**Exercise requirements**
In your copy, the records appear word for word and the pictures do not appear at all.

BEGIN Excerpted records

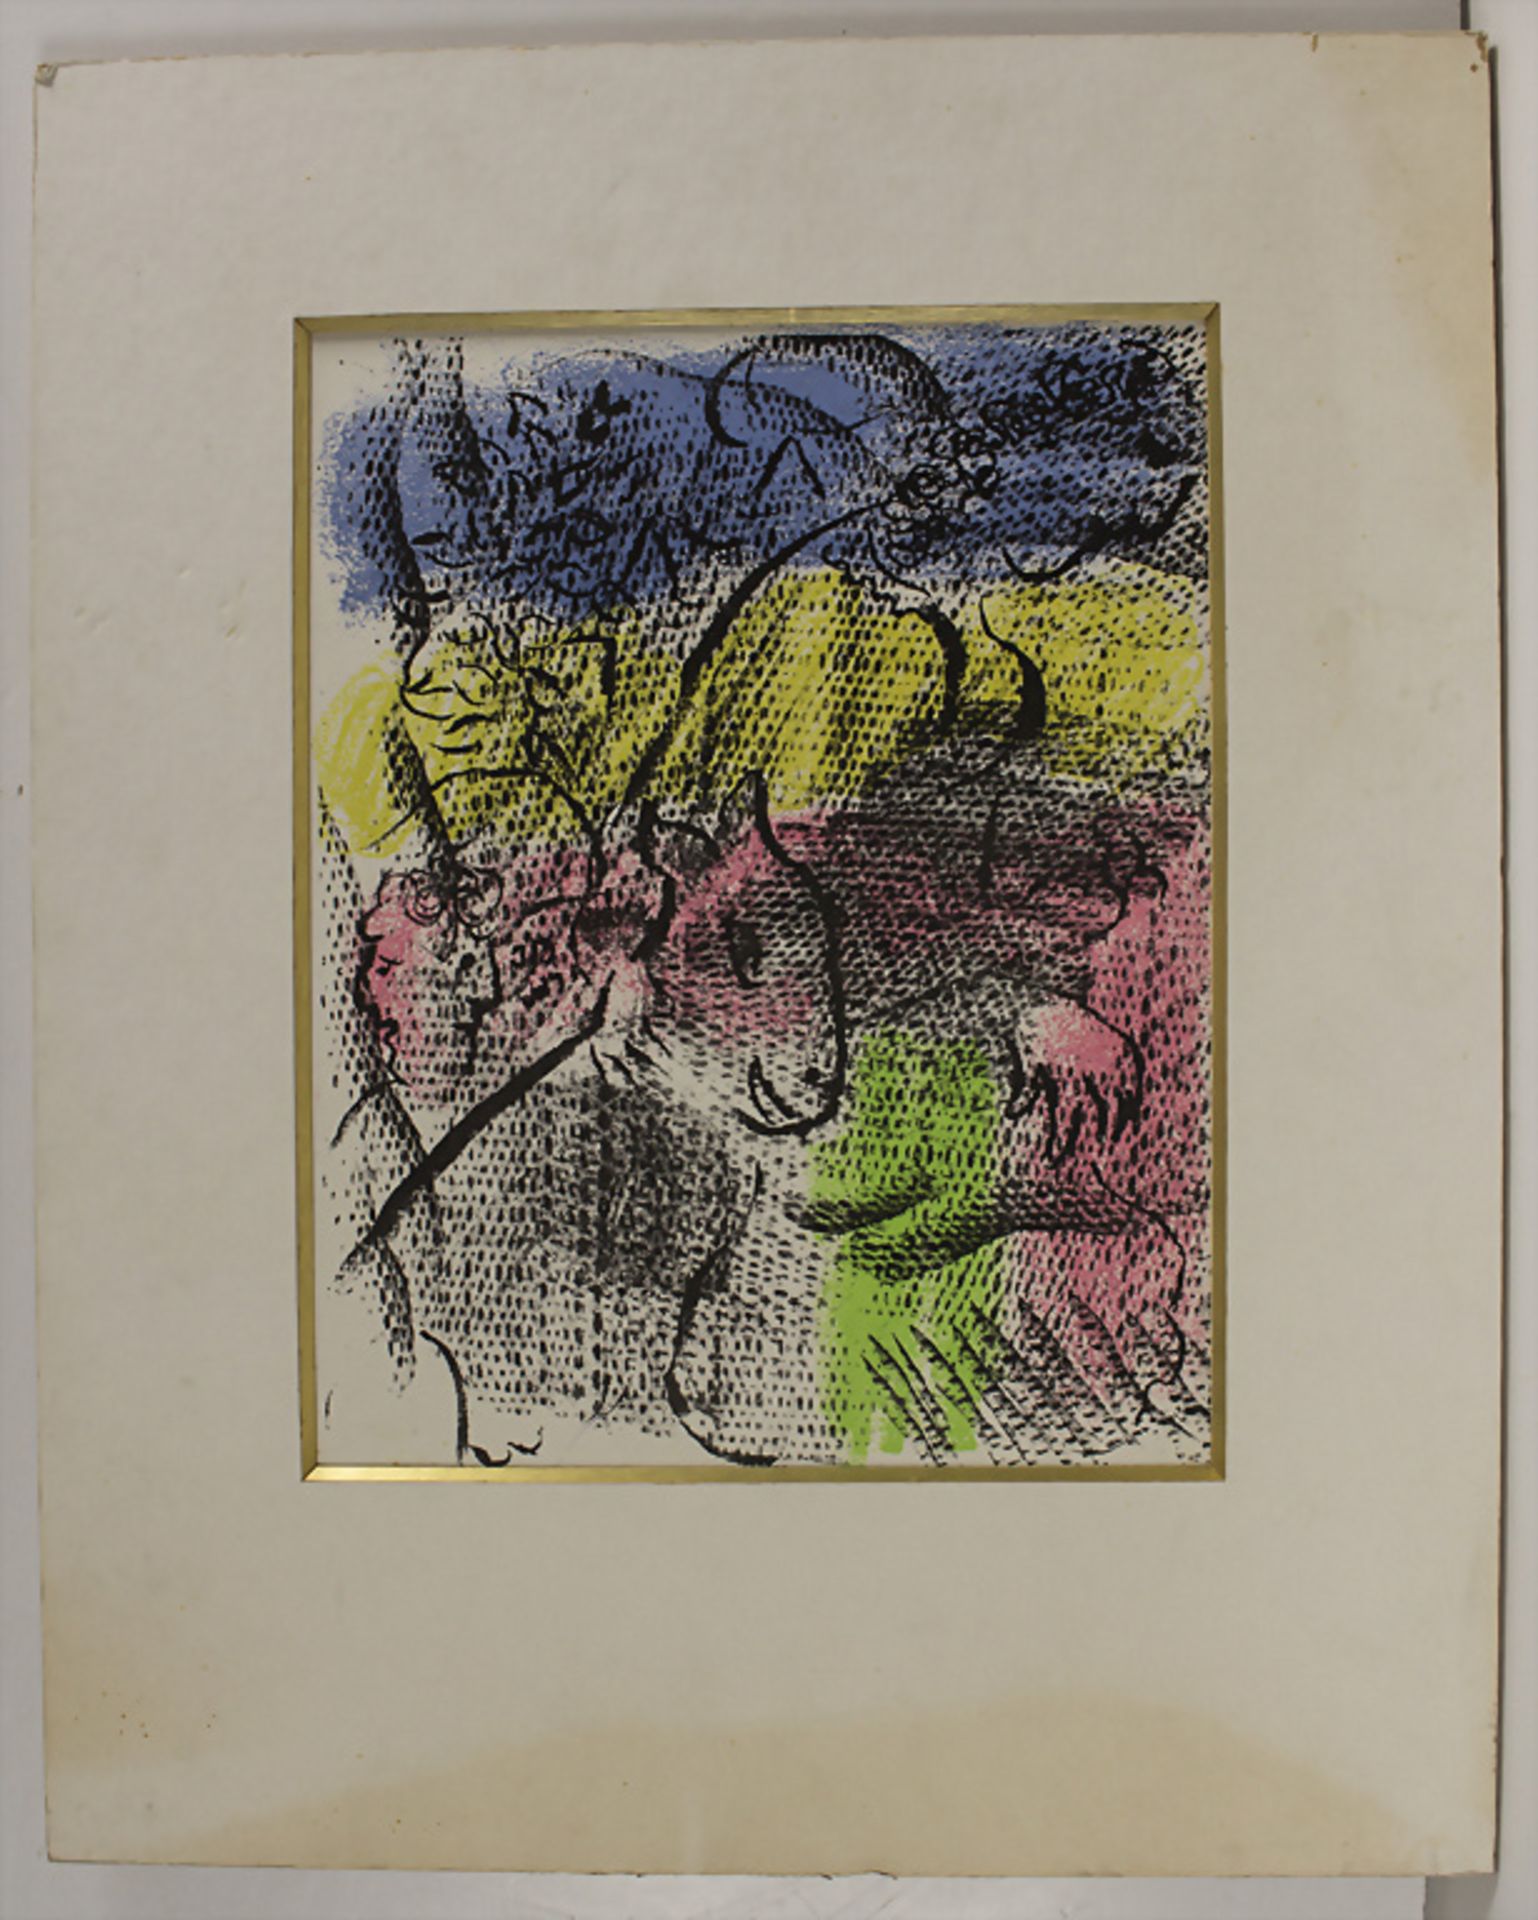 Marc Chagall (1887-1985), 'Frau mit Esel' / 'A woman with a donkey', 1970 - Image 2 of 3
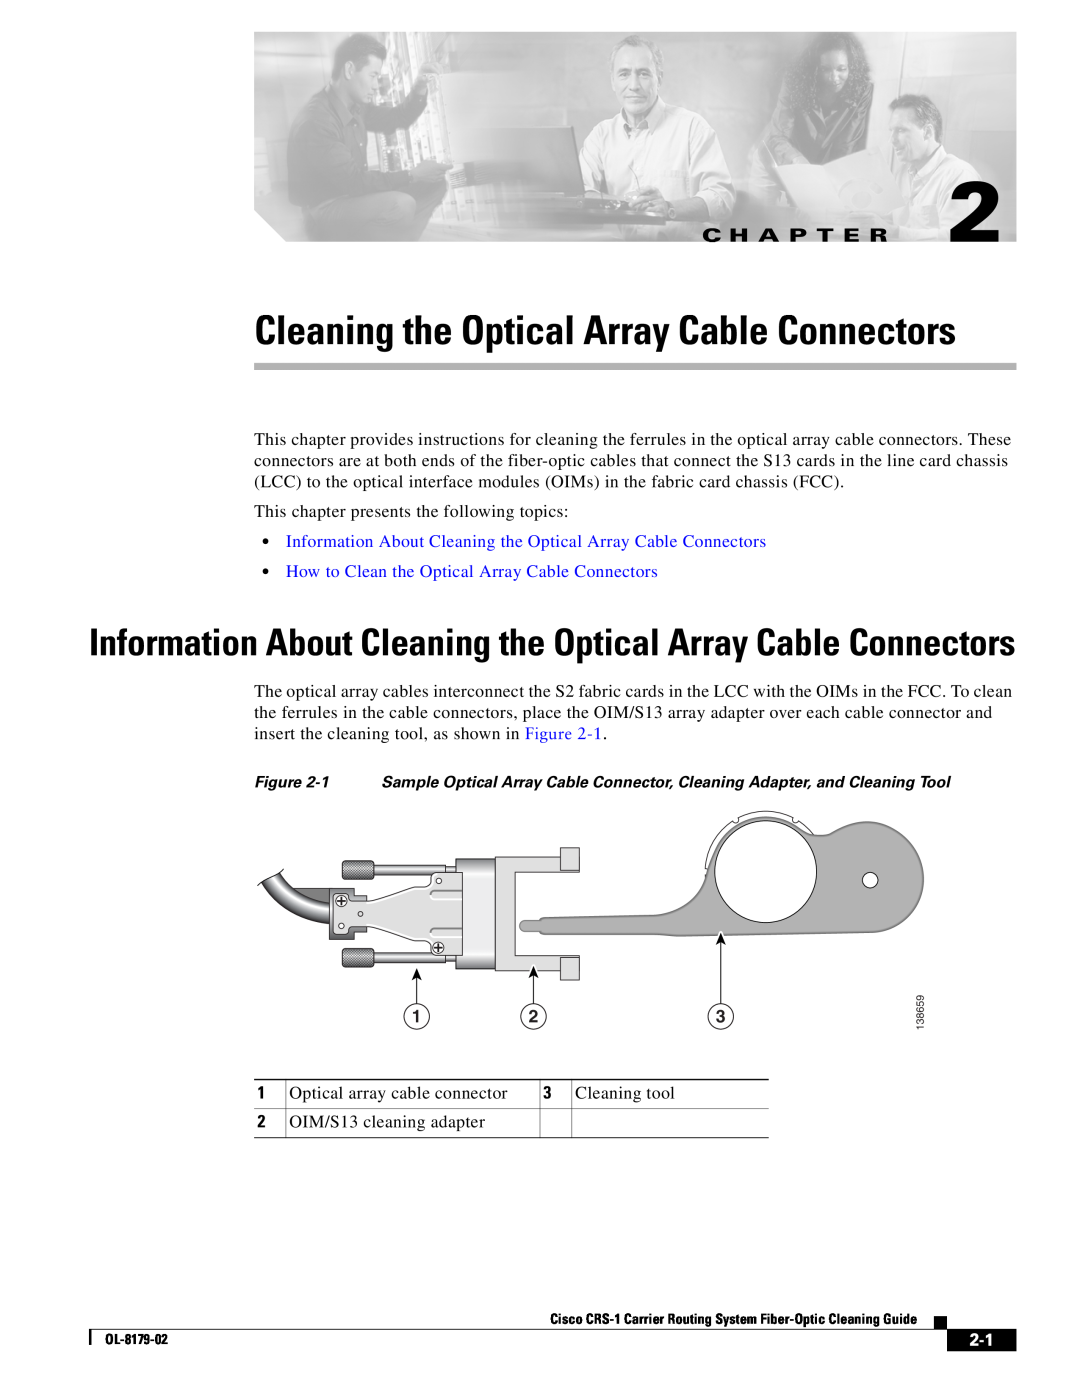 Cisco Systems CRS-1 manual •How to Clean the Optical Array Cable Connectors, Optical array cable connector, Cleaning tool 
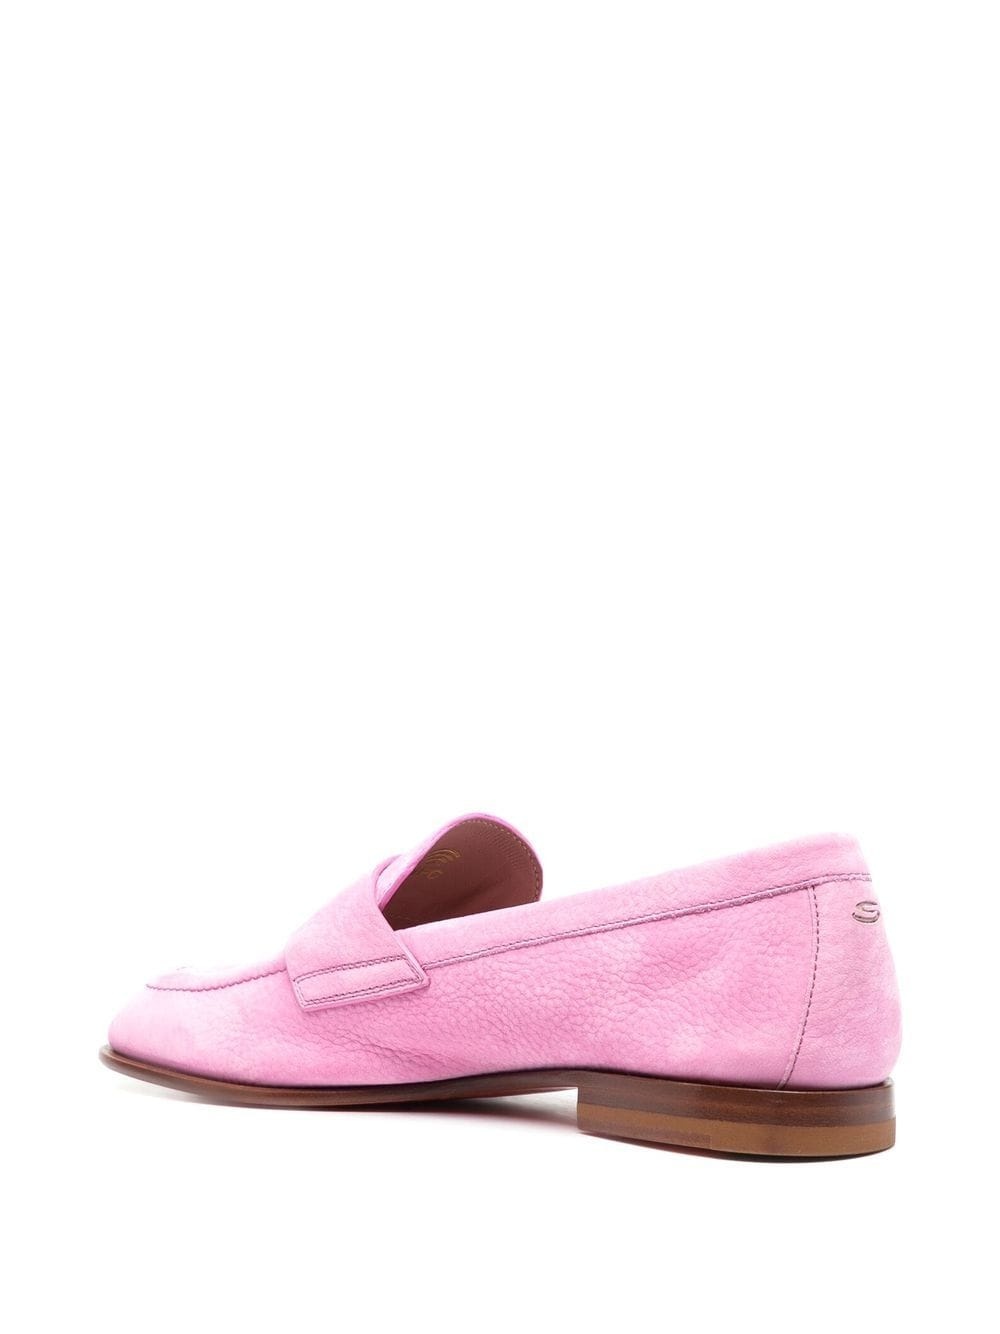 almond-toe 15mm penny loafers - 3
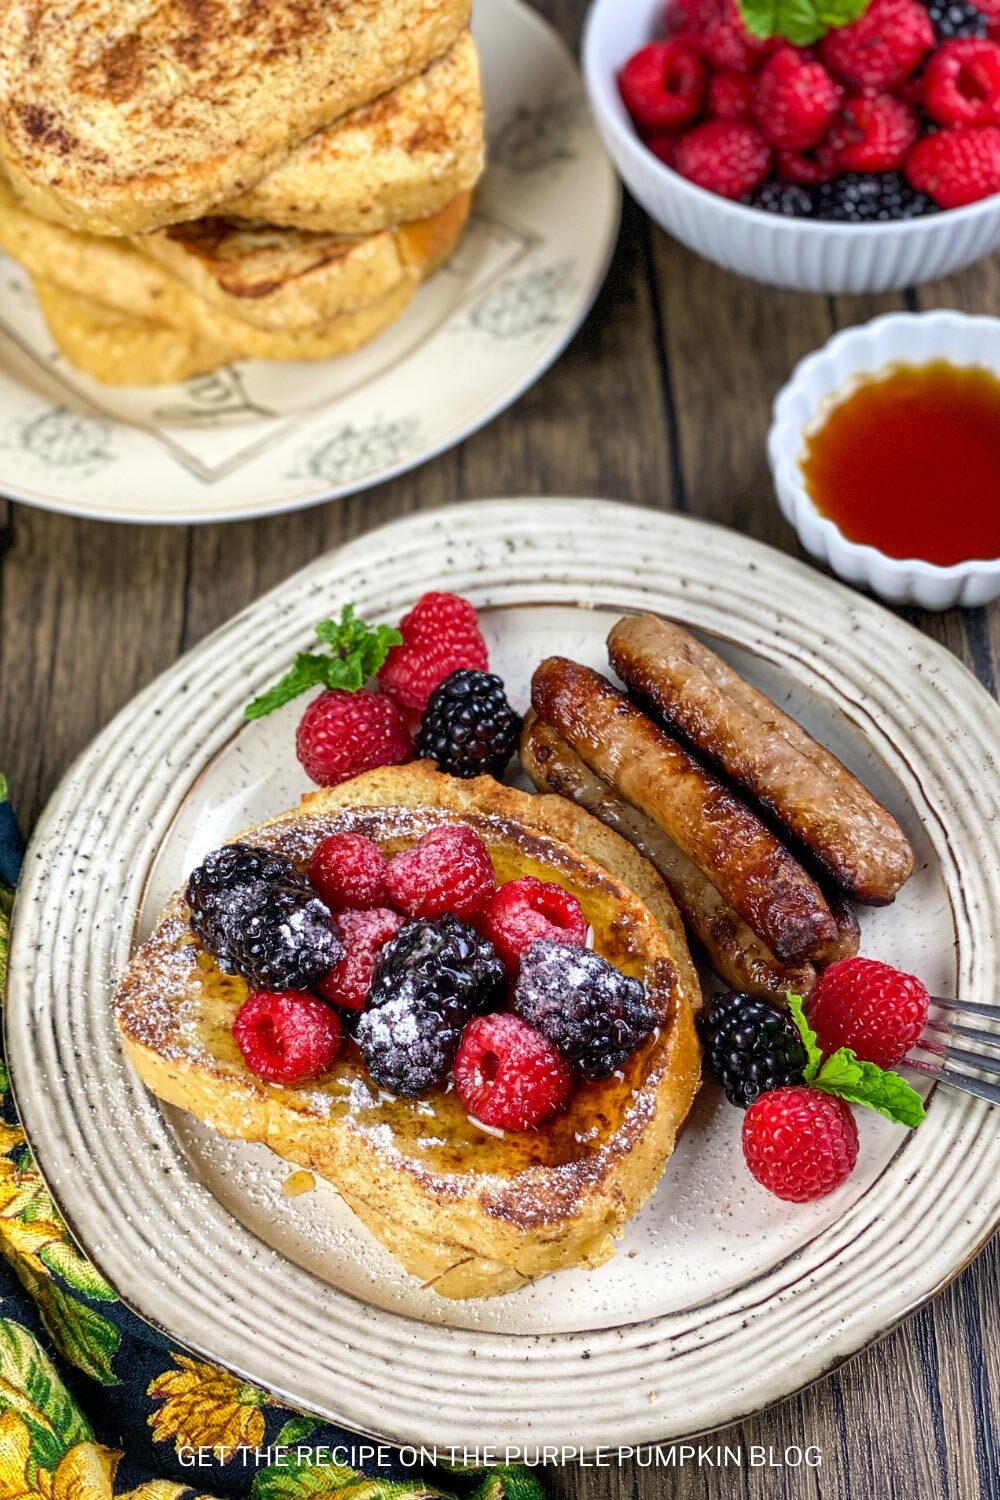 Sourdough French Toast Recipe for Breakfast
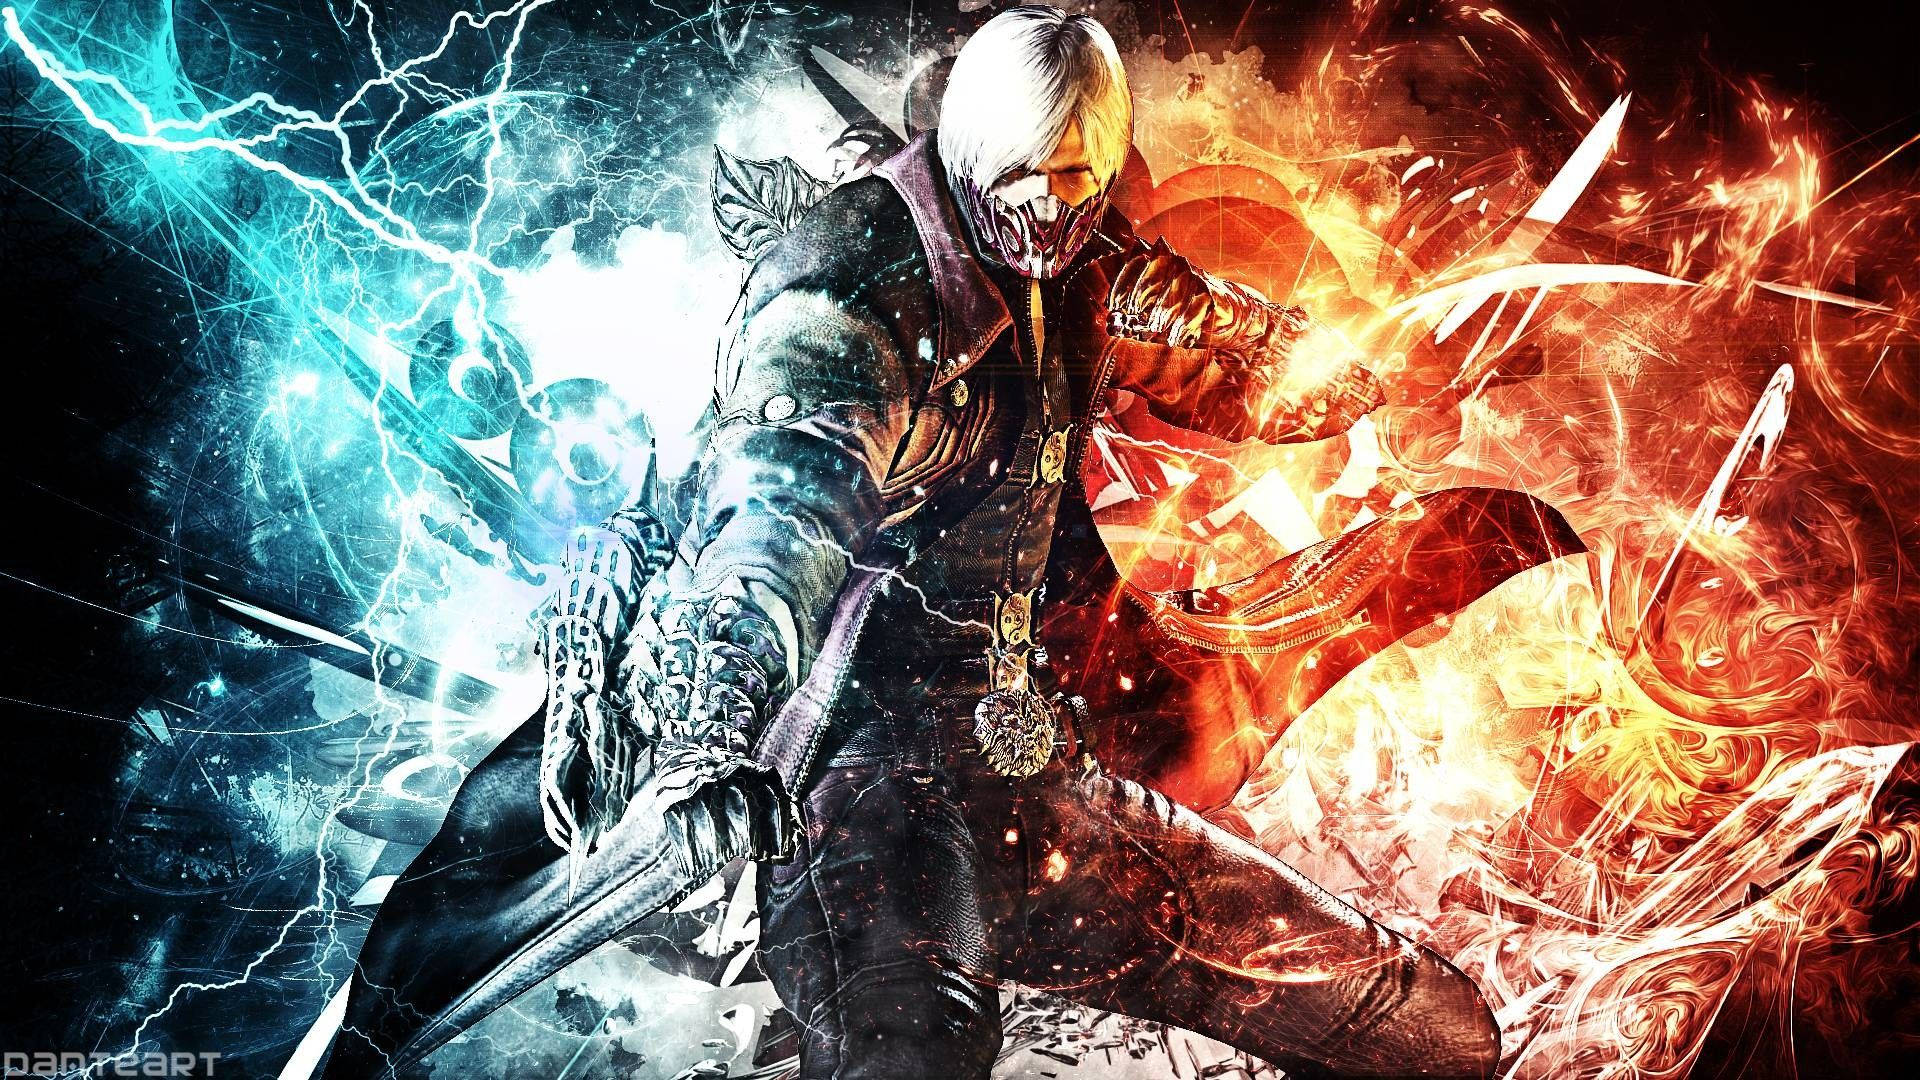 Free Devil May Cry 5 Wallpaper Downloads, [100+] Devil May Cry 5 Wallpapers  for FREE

END Excerpted records

**Result of this task**
 Marc Chagall (1887-1985), 'Frau mit Esel' / 'A woman with a donkey', 1970 - Image 2 of 3
 Cisco Systems CRS-1 manual •How to Clean the Optical Array Cable Connectors, Optical array cable connector, Cleaning tool 
 almond-toe 15mm penny loafers - 3
 Sourdough French Toast Recipe for Breakfast
 Free Devil May Cry 5 Wallpaper Downloads, [100+] Devil May Cry 5 Wallpapers  for FREE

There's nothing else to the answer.